━━━━━ Dataset entries
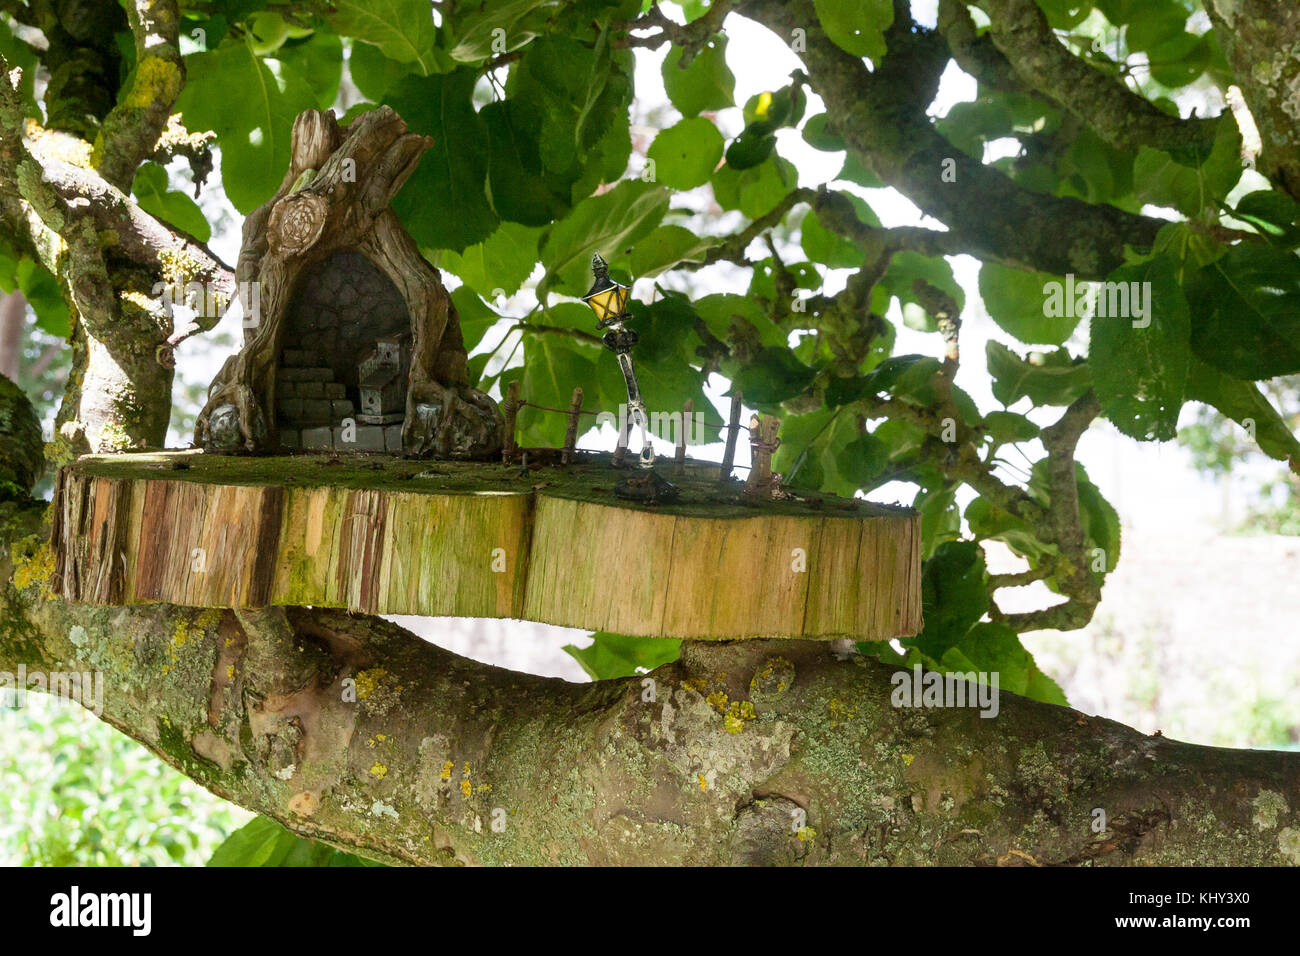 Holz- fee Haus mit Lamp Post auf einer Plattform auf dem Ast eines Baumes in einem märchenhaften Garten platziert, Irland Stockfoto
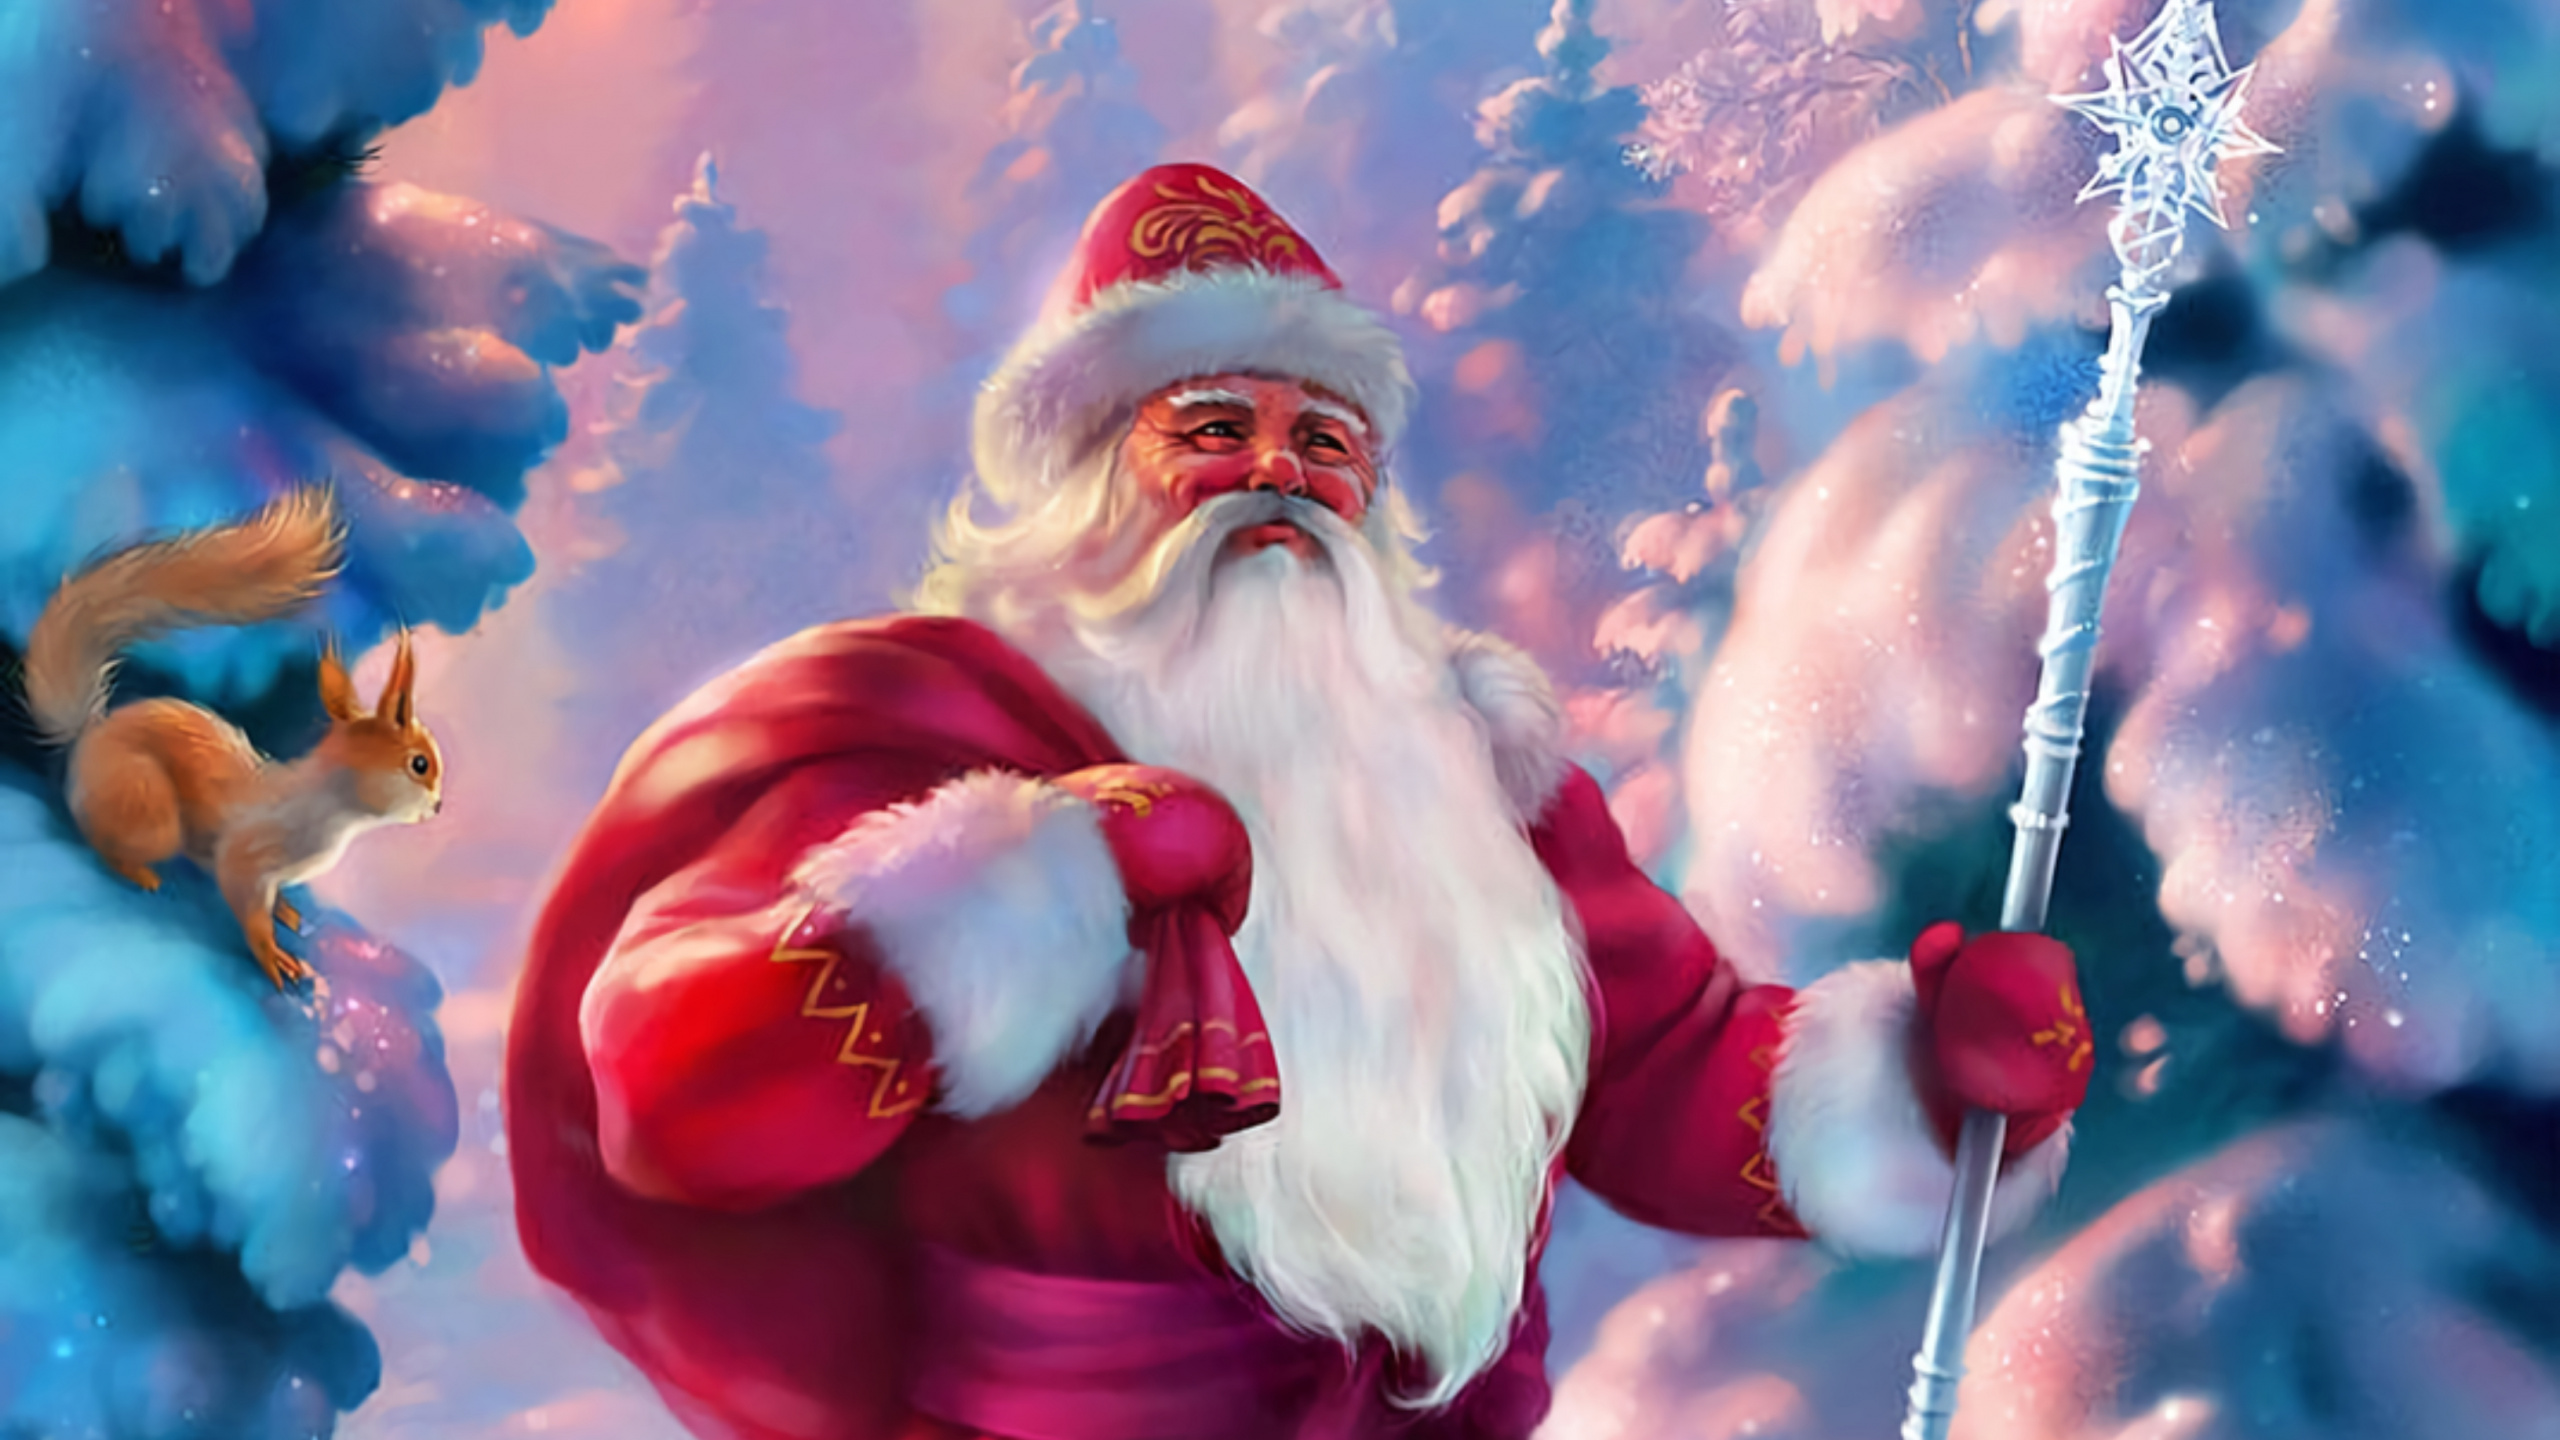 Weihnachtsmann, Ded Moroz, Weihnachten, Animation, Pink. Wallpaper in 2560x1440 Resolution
━━━━━━━━━━
━━━━━ Dataset entries
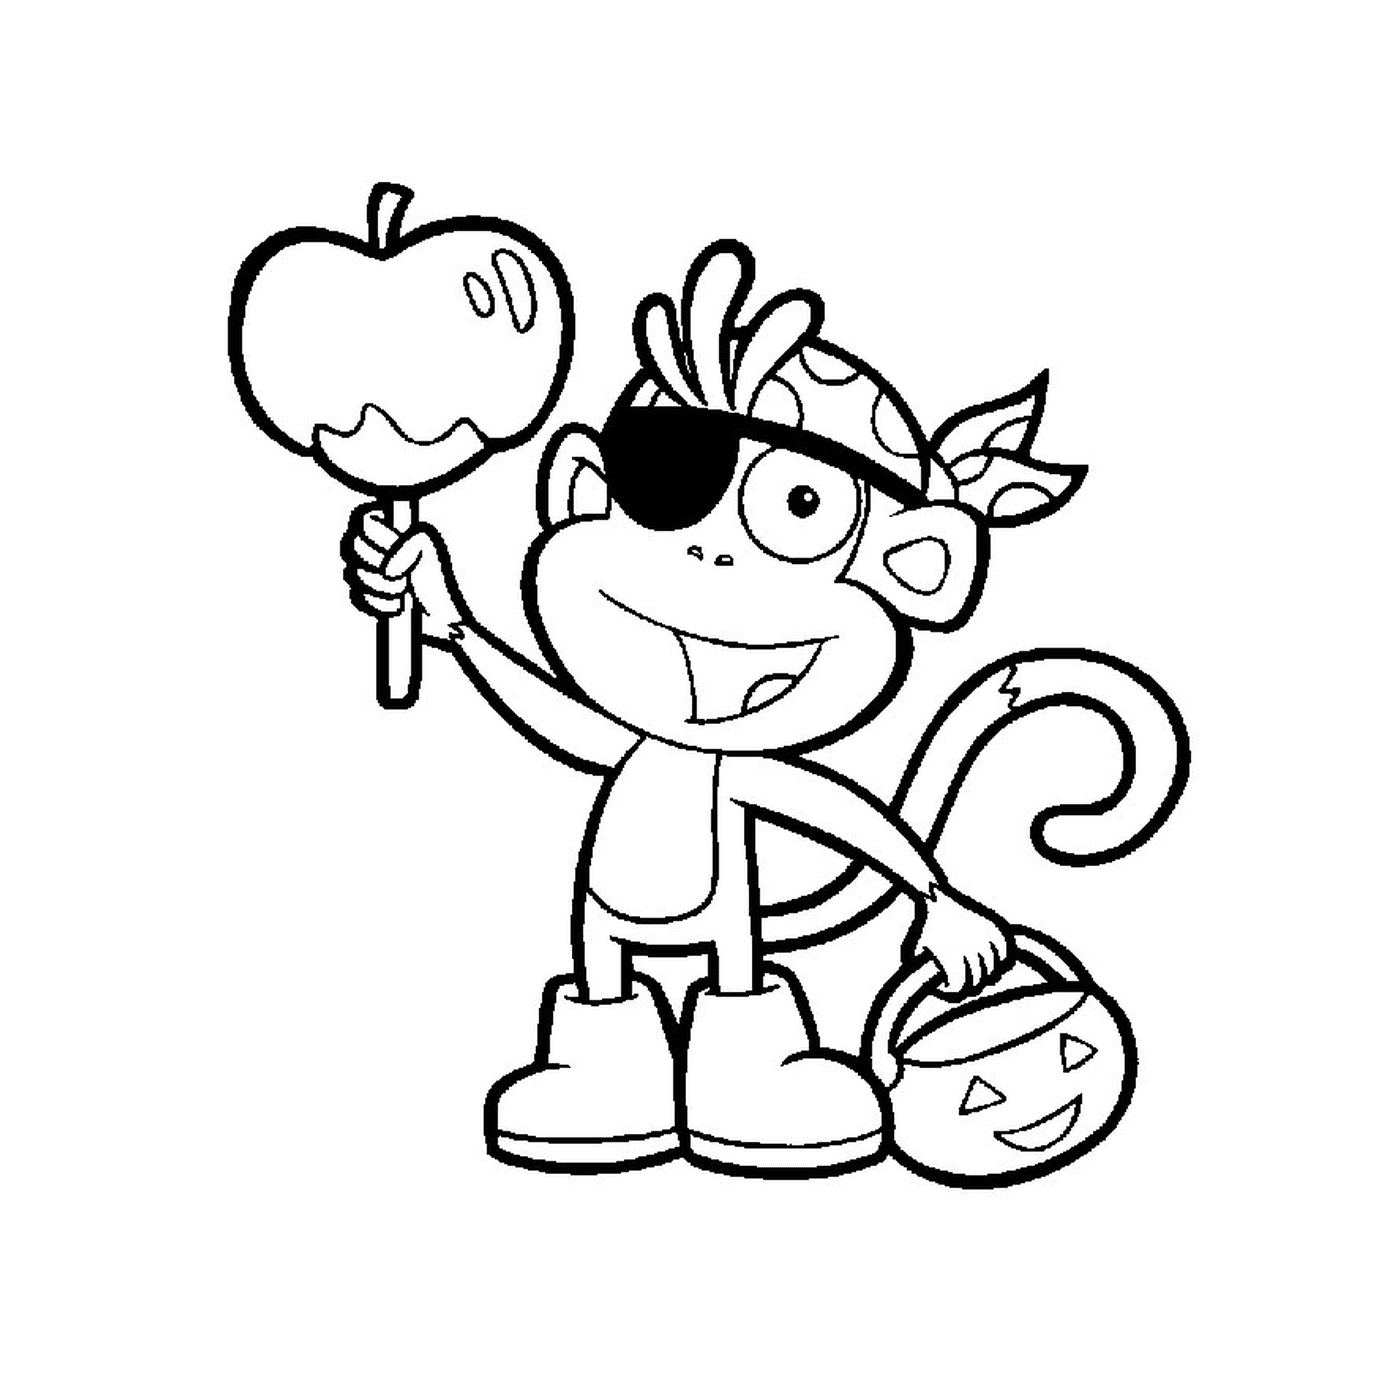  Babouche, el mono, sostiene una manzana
━━━━━━━━━━
_What is needed_
The result should be an exact copy of only the lines above from the one that holds "Holz- fee Haus" through the one that holds "Weihnachtsmann, Ded Moroz, Weihnachten, Animation, Pink.", both ends included, without pictures.

_The completed task_
 Holz- fee Haus mit Lamp Post auf einer Plattform auf dem Ast eines Baumes in einem märchenhaften Garten platziert, Irland Stockfoto
 Weihnachtsmann, Ded Moroz, Weihnachten, Animation, Pink. Wallpaper in 2560x1440 Resolution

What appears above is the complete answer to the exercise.